Pull ups are a great way to get your entire body in shape, since when you do them you are actually working out entire groups of muscles instead of only one. Not only do they work out the primary targeted muscle groups, but also the secondary ones like the forearms, biceps, mid-back and shoulder muscles. You can do them any place where there is a fixed bar, like in hallways, doorways or even on tree branches!

These are very strenuous, so it may be difficult to start doing them at first.
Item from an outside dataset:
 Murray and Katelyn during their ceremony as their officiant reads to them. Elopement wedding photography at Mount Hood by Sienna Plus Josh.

However, you can get better fairly quickly, and there are certain things that beginners can do to make them easier. When you are first trying them out, you can put a chair under the bar and stand on it. You should continue to work out until you have increased your strength. The trick to gaining enough strength to do a lot of reps is to do them in sets. You should do 3-4 sets, and on the first one do 5-10. Decrease the amount of reps with each set, since your energy will decrease and you won’t be able to do as many. Just cut it down by one or two each time you do a set, and soon enough you will feel those muscles burning.
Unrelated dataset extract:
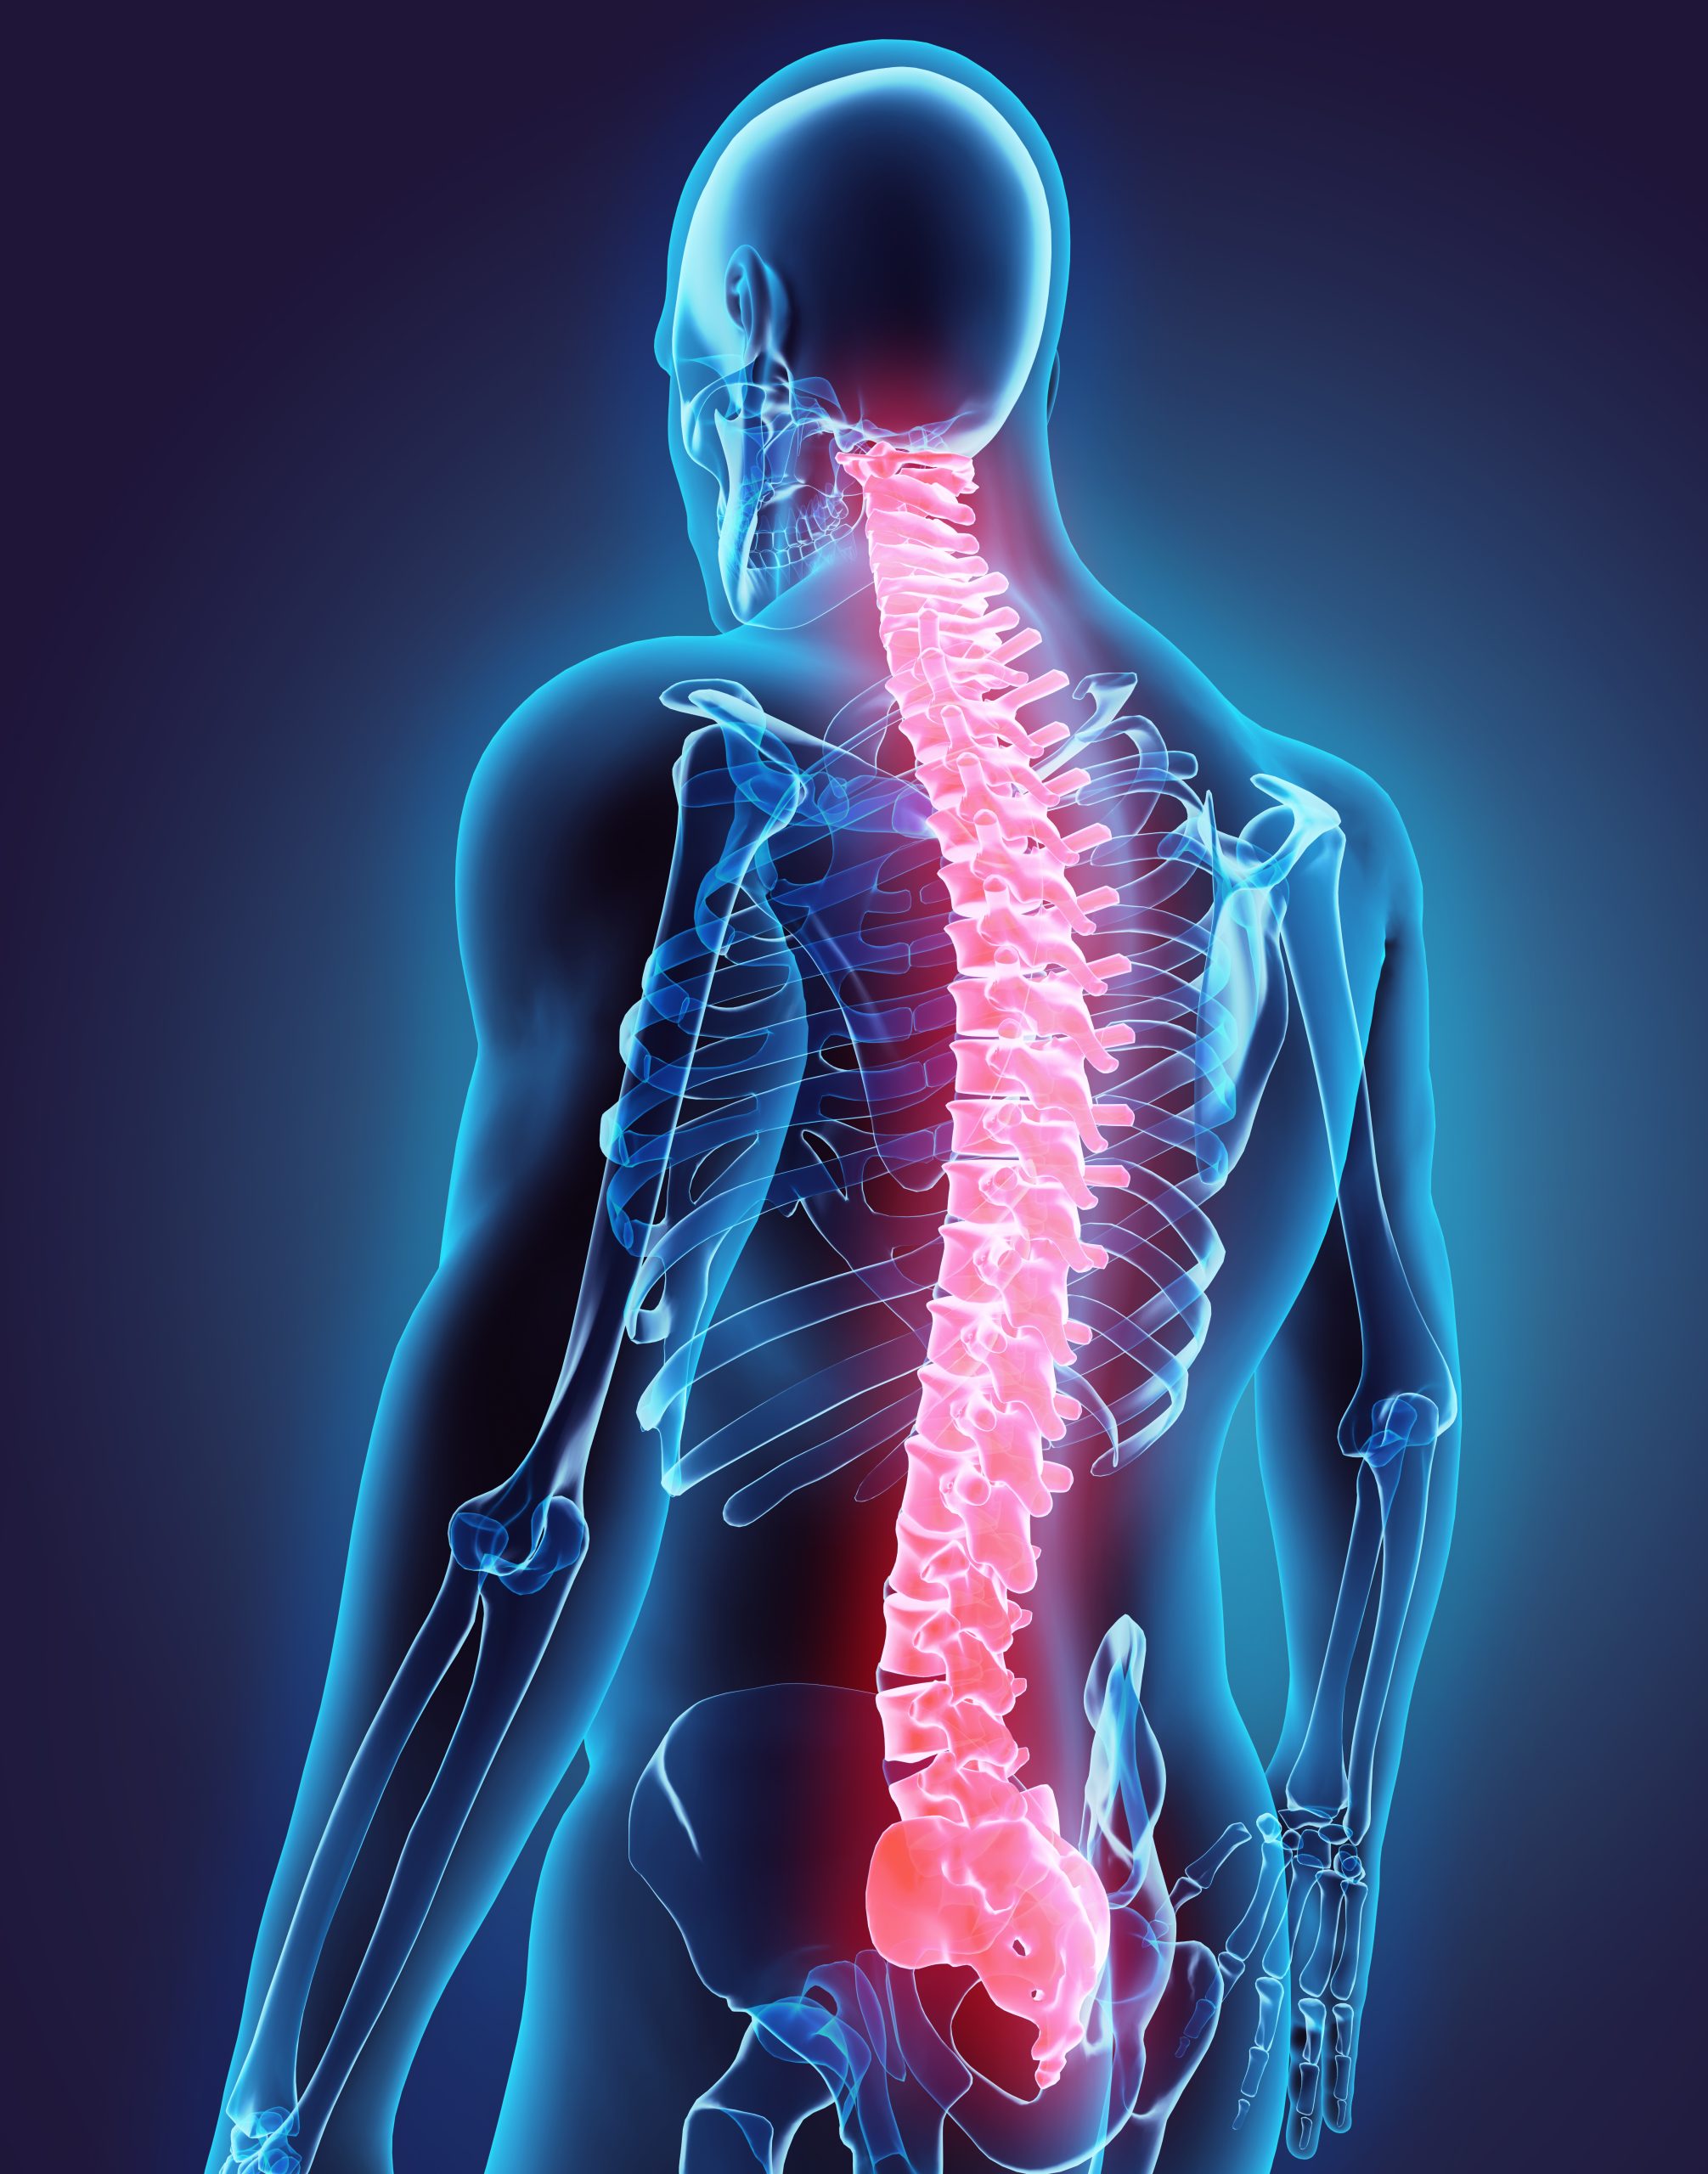 What Lawyers Should Know About Spinal Cord Stimulators - OAS

When you are just starting out you can also do a lot of sets with a lower number of reps. It would even be ok if you could only do 10 sets of 1 or 2. After awhile you will slowly be able to increase your amount of reps and decrease your number of sets when your strength is increased. When you are working out, you must also pay attention to your posture. When you are hanging off of the bar, your back should be straight, and every time you do a pull up your chin should make it to the bar. Another effective trick is to go slower when you are doing negative pull ups. These are when you go very slowly while lowering yourself from the bar. This way you will gain more muscles and you will also be able to gain strength a lot faster.

Additionally, you can try to work your muscles to the point of failing by jumping up on the bar to push just one more time. Each time your muscles will begin rebuilding themselves faster, as long as you give them ample time to rest in between. Also, the key to growing muscles is eating a healthy diet. Eat foods that are rich in carbohydrates, proteins and healthy fats.
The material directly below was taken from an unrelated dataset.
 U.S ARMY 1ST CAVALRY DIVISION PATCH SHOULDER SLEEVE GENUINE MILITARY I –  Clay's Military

Once you get strongest and become more advanced with these exercises, you can try to attach weight straps to your hips which will effectively increase your muscle strength. If you want to optimally enable muscle growth, be sure to eat a nutritious diet of 4-6 high value meals a day, and put a space of about 2-3 hours in between each meal in order to let your muscles grow from all of the pull ups you have done.

Author Bio: For more information about Full Body Workout and Workout Routines, visit http://www.thefitnesschronicles.com/206/full-body-workout-routines/ today!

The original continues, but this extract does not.